Started Early, Took My Dog

Copyright © Kate Atkinson 2010

For my father

All mistakes are mine, some deliberate. I have not necessarily kept to the truth.

My thanks are due to:

Russell Equi, as usual; Malcolm Graham, Detective Chief Superintendent, Lothian and Borders Police; Malcolm R. Dickson, former Assistant Inspector of Constabulary for Scotland; David Mattock and Maureen Lenehan, for revisiting Leeds and the seventies with me.

For want of a nail the shoe was lost.

For want of a shoe the horse was lost.

For want of a horse the rider was lost.

For want of a rider the battle was lost.

For want of a battle the kingdom was lost.
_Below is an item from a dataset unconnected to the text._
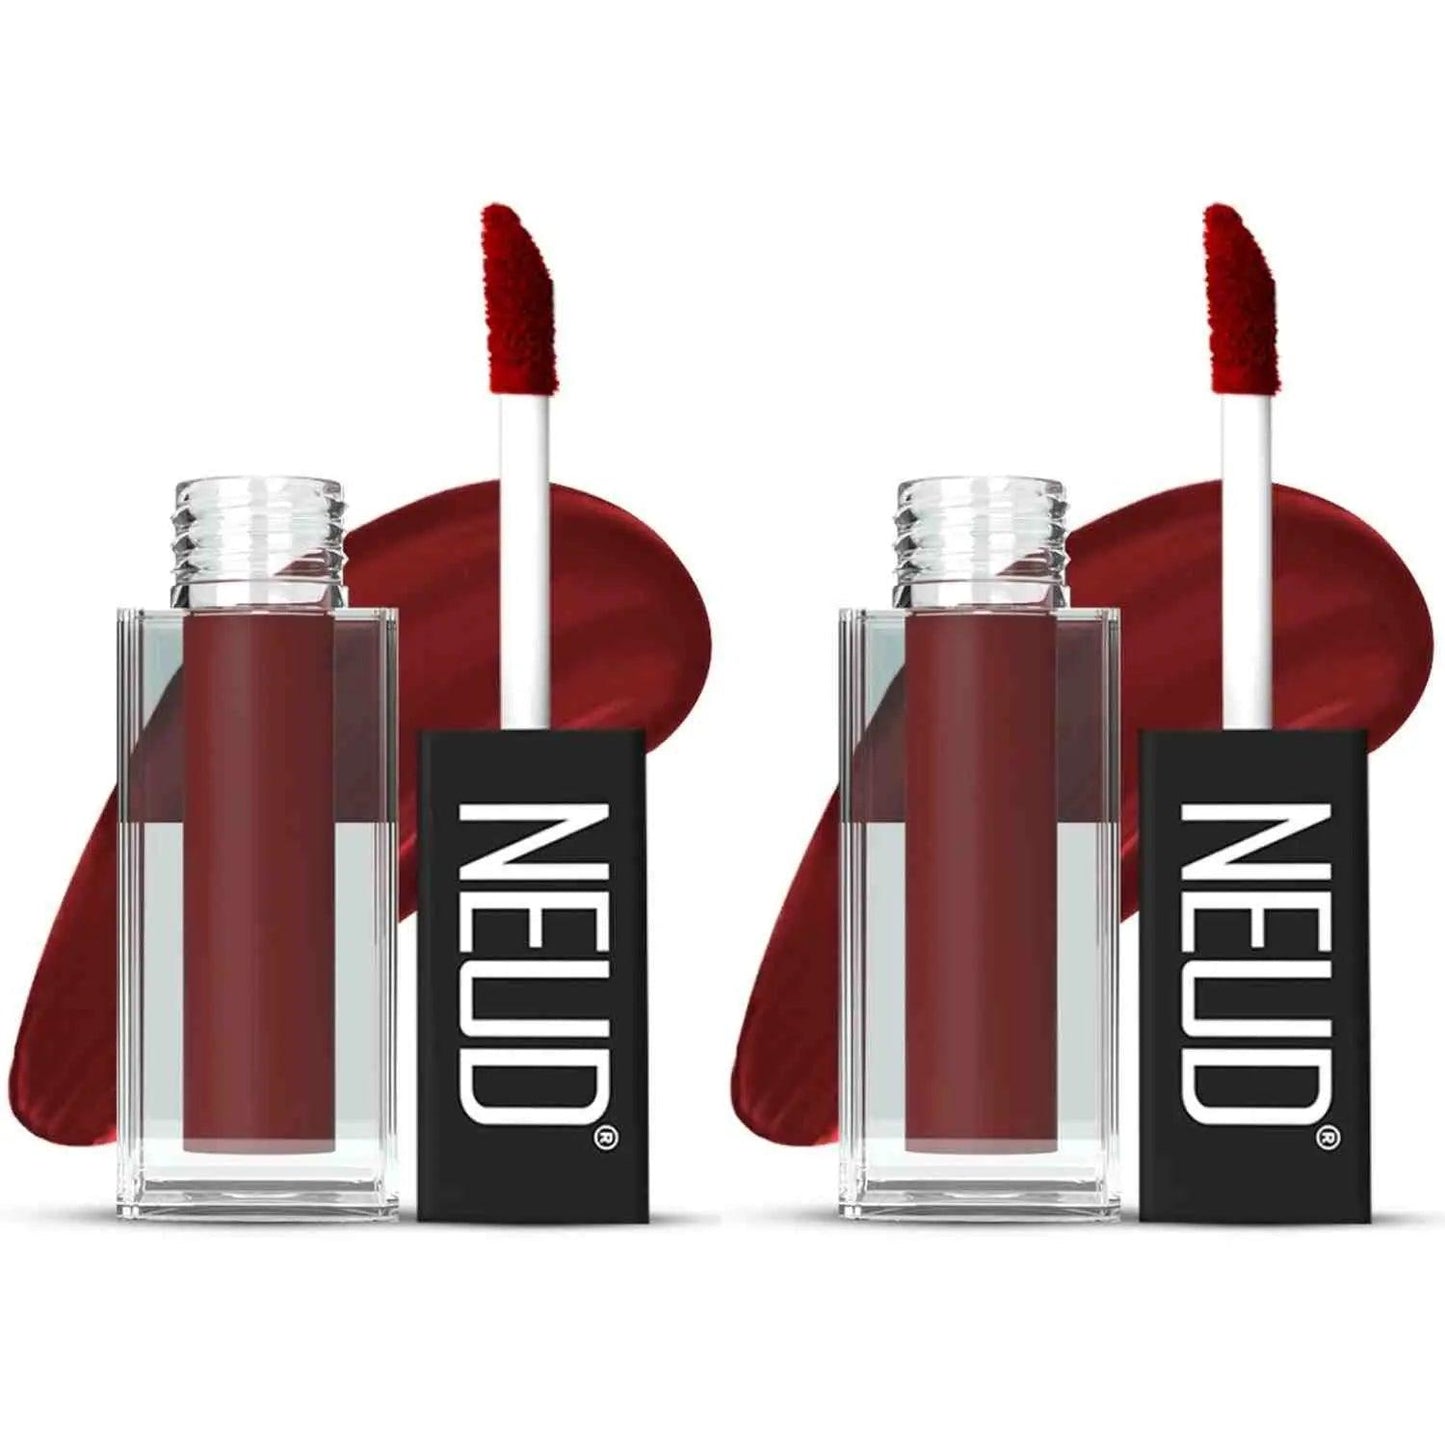 NEUD Matte Liquid Lipstick Red Kiss with Jojoba Oil, Vitamin E and Almond Oil - Smudge Proof 12-hour Stay Formula with Free Lip Gloss 7419870371937
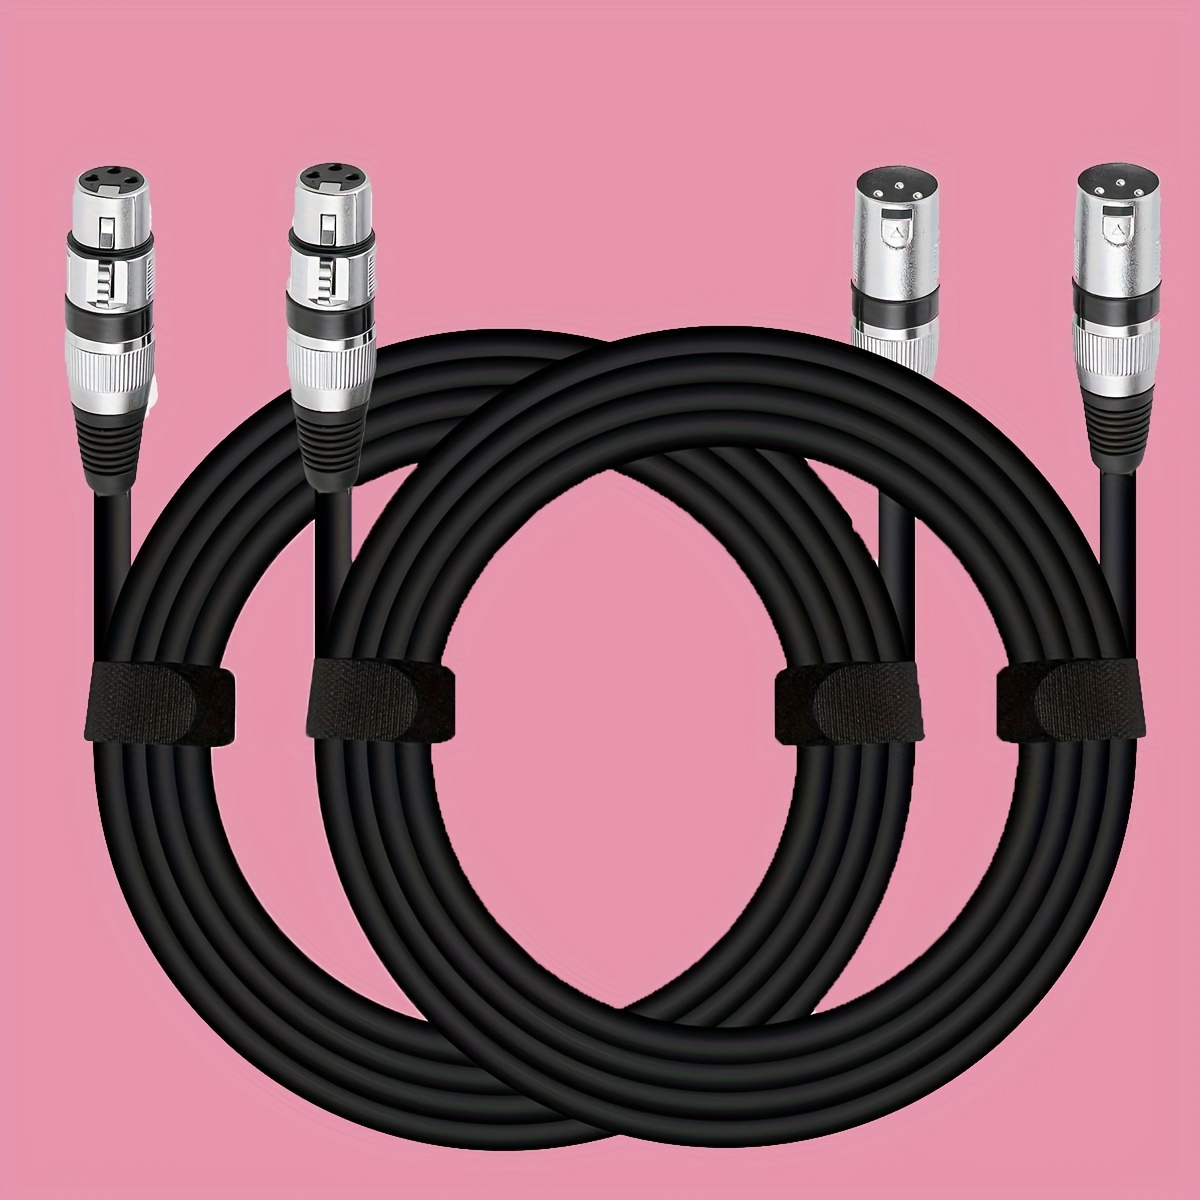 XLR Cables 3ft/1M 2 Packs, Premium Heavy Duty Balanced Microphone Cable  with 3-Pin XLR Male to Female Microphone Cord Connector Compatible with

And all for the want of a horseshoe nail.

Traditional

‘I was just cleaning up the place a bit.’

Peter Sutcliffe

Treasure

1975: 9 April

Leeds: ‘ Motorway City of the Seventies’. A proud slogan. No irony intended. Gaslight still flickering on some streets. Life in a northern town.

The Bay City Rollers at number one. IRA bombs all over the country. Margaret Thatcher is the new leader of the Conservative Party. At the beginning of the month, in Albuquerque, Bill Gates founds what will become Microsoft. At the end of the month Saigon falls to the North Vietnamese army. The Black and White Minstrel Show is still on television, John Poulson is still in jail. Bye Bye Baby, Baby Goodbye . In the middle of it all, Tracy Waterhouse was only concerned with the hole in one of the toes of her tights. It was growing bigger with every step she took. They were new on this morning as well.

They had been told that it was on the fifteenth floor of the flats in Lovell Park and – of course – the lifts were broken. The two PCs huffed and puffed their way up the stairs. By the time they neared the top they were resting at every turn of the stair. WPC Tracy Waterhouse, a big, graceless girl only just off probation, and PC Ken Arkwright, a stout white Yorkshireman with a heart of lard. Climbing Everest.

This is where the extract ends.